Fire is a symbol infused with the duality of purpose. On the one hand, fire represents a tool for knowledge in that it can be used to light the way through darkness. This association with fire is connected to Dr. Frankenstein’s desire to explore the darker corners of science and discover the secret to giving life. His assistant Fritz directly connects other side of the fire equation to film: in the wrong hands fire becomes not a tool for knowledge for a weapon for destruction. Fritz’s sadistic—and ultimately masochistic—use of fire to torment the Creature is the realization of this symbolic aspect of the movie’s use of fire.
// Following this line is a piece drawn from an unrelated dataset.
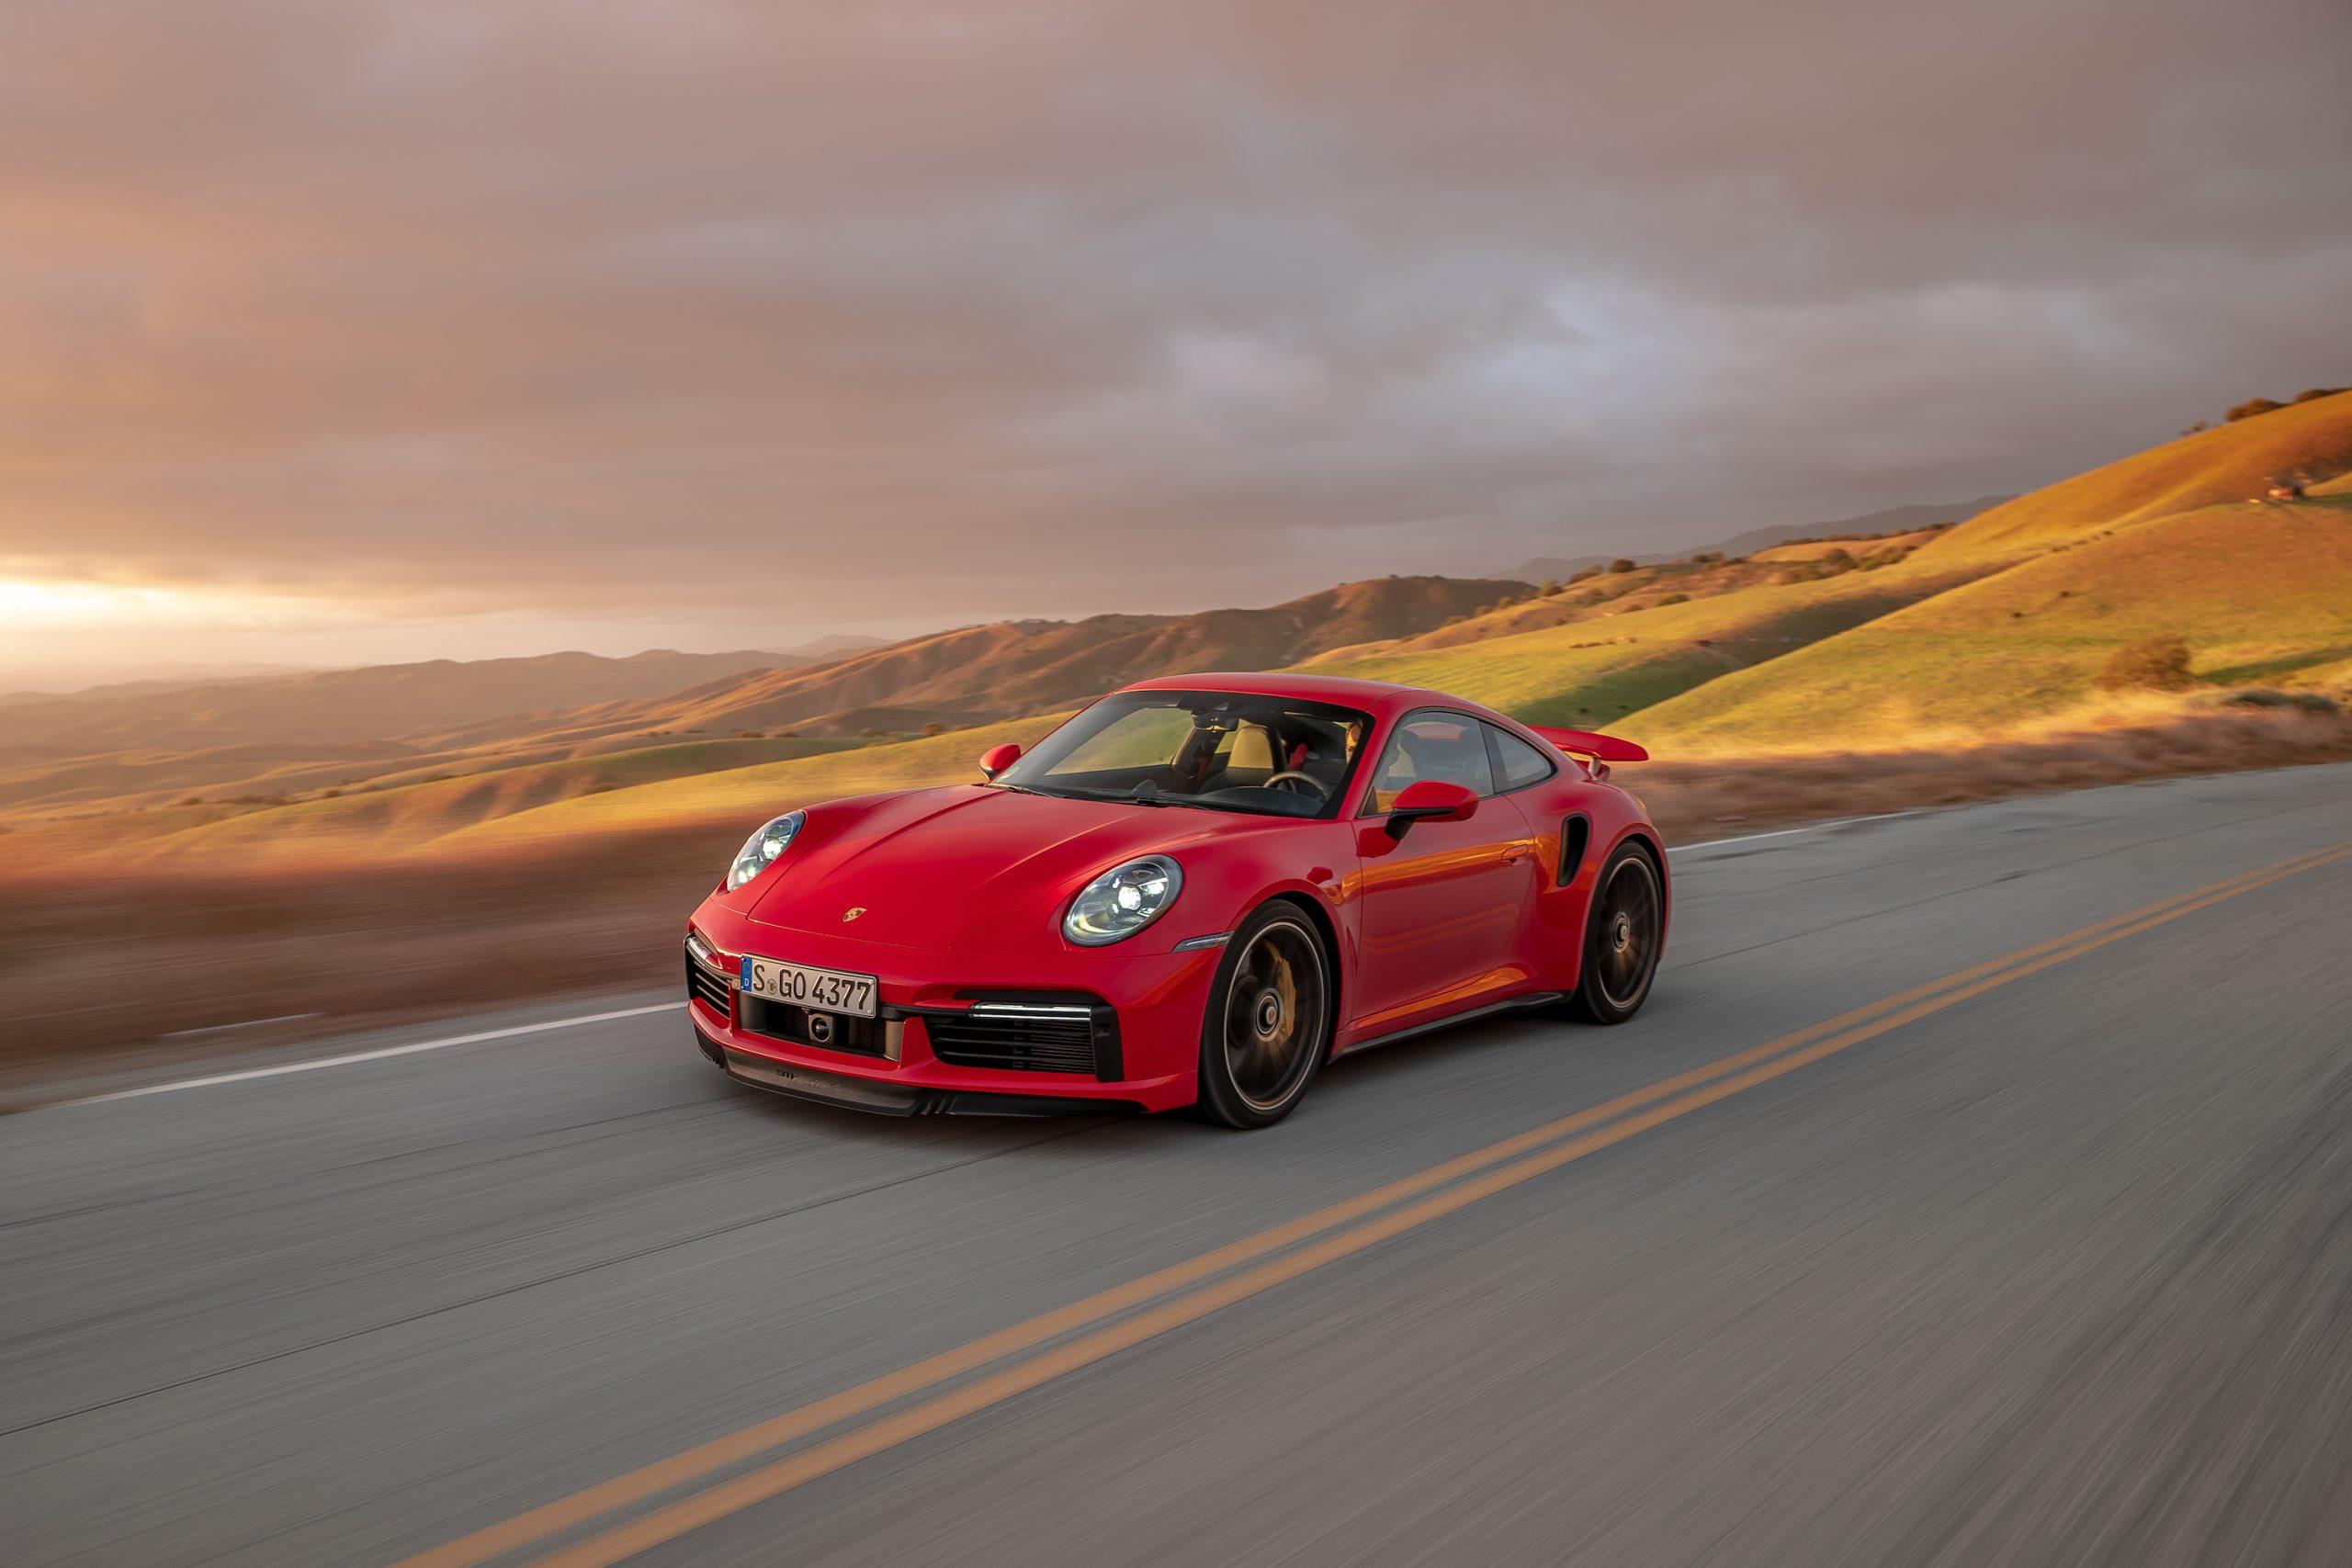 2021 Porsche 911 Turbo S Front Three-Quarter Sun On Hills

Allegory: Rebooting the Status Quo
The original 1931 adaptation of Frankenstein climaxes with an ending that becomes such a repetitive motif for all it various sequels and inspirations that it retrospectively situates the film as allegory of how an insular, relatively backward and uneducated, rural community adopts a conservative reactionary collective mindset that views the introduction of anything new into society as a threat worthy of annihilation. The plain fact of the matter is that the townspeople reach for their pitchforks and torches (fire as a weapon) and proceed to hunt down Frankenstein and his Creature for a crime with very little evidence supporting their suspicion. No trial, no jury, no judge: just execution. The apparent death of the Creature as he falls from atop the burning windmill succeeds not in bringing justice to the villager, but in re-establishing the status quo. The replication of essentially the same ending in every subsequent Universal Studios sequel merely confirms the ignorance of such a reactionary approach to the unstable footing of progress. In this particular instance, the reboot to the status quo is quite literal, because the torch and pitchfork crowd seem content that everything is just as it was before...a world where the secret to reanimation belongs only to God.
The Abominable Lawbreaker
The Creature is not just feared and hated and hunted down because of the suspicion of having killed, of course. On a deeper symbolic level the Creature inspires fear because he represents an abomination. Having once been dead and now brought back to life, he is the living representation of the most inviolate and democratically applied law on the planet: everything must eventually die and stay dead. That the Creature has broken that most indissoluble terms of the contract of existence plants the seed of suspicion that anything is possible in the world of the unnatural.
The Mad Scientist
Although precursors initiated the template—especially Rotwang in Metropolis—the very moment that actor Colin Clive hits the perfect of the mixture of intense emotions overcoming Dr. Frankenstein when he cries “It’s alive…now I know what it feels like to be God” is the very moment that symbol of the Mad Scientist which populates thousands of movies and television shows was born.